━━ DATA SUPPLIED

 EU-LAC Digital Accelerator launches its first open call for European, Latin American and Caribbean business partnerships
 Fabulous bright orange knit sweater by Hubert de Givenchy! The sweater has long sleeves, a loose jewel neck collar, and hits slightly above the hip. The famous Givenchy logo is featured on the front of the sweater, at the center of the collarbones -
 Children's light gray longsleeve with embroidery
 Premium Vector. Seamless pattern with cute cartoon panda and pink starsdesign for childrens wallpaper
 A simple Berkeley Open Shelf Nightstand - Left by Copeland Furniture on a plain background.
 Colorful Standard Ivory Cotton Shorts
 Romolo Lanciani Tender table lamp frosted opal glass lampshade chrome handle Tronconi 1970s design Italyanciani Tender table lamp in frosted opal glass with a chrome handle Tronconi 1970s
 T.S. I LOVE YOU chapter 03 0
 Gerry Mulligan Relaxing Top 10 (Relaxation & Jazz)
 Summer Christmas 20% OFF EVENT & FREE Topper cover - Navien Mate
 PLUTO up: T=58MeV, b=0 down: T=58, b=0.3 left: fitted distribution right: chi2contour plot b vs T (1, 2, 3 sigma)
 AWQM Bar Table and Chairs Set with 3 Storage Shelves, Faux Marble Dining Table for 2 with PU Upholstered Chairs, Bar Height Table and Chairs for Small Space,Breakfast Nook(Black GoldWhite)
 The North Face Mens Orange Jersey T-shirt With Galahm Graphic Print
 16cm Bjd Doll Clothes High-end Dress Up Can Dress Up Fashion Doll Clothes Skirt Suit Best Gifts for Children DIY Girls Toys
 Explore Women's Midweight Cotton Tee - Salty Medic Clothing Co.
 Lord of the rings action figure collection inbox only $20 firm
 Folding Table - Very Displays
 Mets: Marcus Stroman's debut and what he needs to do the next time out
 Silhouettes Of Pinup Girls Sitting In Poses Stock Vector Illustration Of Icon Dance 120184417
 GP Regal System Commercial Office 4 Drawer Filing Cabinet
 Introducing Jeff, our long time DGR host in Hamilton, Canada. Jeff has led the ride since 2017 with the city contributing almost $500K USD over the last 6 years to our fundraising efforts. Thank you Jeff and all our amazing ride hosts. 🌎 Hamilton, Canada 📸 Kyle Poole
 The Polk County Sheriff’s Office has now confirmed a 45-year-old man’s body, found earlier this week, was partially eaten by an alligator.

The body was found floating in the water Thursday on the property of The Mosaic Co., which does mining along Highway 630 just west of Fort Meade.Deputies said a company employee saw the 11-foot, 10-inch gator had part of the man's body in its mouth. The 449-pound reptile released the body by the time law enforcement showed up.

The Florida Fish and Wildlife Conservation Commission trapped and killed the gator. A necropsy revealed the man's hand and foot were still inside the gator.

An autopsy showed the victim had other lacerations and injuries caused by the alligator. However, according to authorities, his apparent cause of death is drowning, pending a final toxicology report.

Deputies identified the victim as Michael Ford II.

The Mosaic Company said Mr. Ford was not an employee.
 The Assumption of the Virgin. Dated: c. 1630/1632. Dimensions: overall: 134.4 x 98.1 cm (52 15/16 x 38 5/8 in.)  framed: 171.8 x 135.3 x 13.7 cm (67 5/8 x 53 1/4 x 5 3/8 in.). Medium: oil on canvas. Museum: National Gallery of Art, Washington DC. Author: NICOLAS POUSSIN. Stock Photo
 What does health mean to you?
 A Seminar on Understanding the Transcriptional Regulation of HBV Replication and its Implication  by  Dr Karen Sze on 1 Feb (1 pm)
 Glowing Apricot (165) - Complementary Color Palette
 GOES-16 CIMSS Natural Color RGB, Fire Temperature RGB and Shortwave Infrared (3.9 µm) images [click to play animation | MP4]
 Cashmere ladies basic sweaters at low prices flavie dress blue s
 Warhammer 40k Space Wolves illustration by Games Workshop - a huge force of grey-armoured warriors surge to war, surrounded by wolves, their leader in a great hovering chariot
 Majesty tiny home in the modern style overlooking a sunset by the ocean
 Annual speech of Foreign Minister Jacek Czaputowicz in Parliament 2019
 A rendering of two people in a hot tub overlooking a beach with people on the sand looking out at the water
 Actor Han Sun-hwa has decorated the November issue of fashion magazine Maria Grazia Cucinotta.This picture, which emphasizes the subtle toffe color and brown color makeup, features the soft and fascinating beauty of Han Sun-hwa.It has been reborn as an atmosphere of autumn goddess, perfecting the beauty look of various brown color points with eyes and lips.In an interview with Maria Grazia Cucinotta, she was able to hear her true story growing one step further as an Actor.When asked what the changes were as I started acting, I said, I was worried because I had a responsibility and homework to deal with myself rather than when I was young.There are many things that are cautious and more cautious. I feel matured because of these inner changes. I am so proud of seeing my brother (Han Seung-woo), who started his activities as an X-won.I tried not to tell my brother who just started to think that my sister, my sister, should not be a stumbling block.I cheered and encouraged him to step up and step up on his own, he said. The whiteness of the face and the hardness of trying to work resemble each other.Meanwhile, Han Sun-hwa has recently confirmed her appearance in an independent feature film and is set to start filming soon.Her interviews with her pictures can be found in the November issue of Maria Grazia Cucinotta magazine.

━━━━

Taking the entries above, write out exactly the lines starting with the line containing "Silhouettes Of Pinup" and going on through the line containing "The Polk County", both included, and nothing else.

:: ANSWER TO THE PROBLEM ::
 Silhouettes Of Pinup Girls Sitting In Poses Stock Vector Illustration Of Icon Dance 120184417
 GP Regal System Commercial Office 4 Drawer Filing Cabinet
 Introducing Jeff, our long time DGR host in Hamilton, Canada. Jeff has led the ride since 2017 with the city contributing almost $500K USD over the last 6 years to our fundraising efforts. Thank you Jeff and all our amazing ride hosts. 🌎 Hamilton, Canada 📸 Kyle Poole
 The Polk County Sheriff’s Office has now confirmed a 45-year-old man’s body, found earlier this week, was partially eaten by an alligator.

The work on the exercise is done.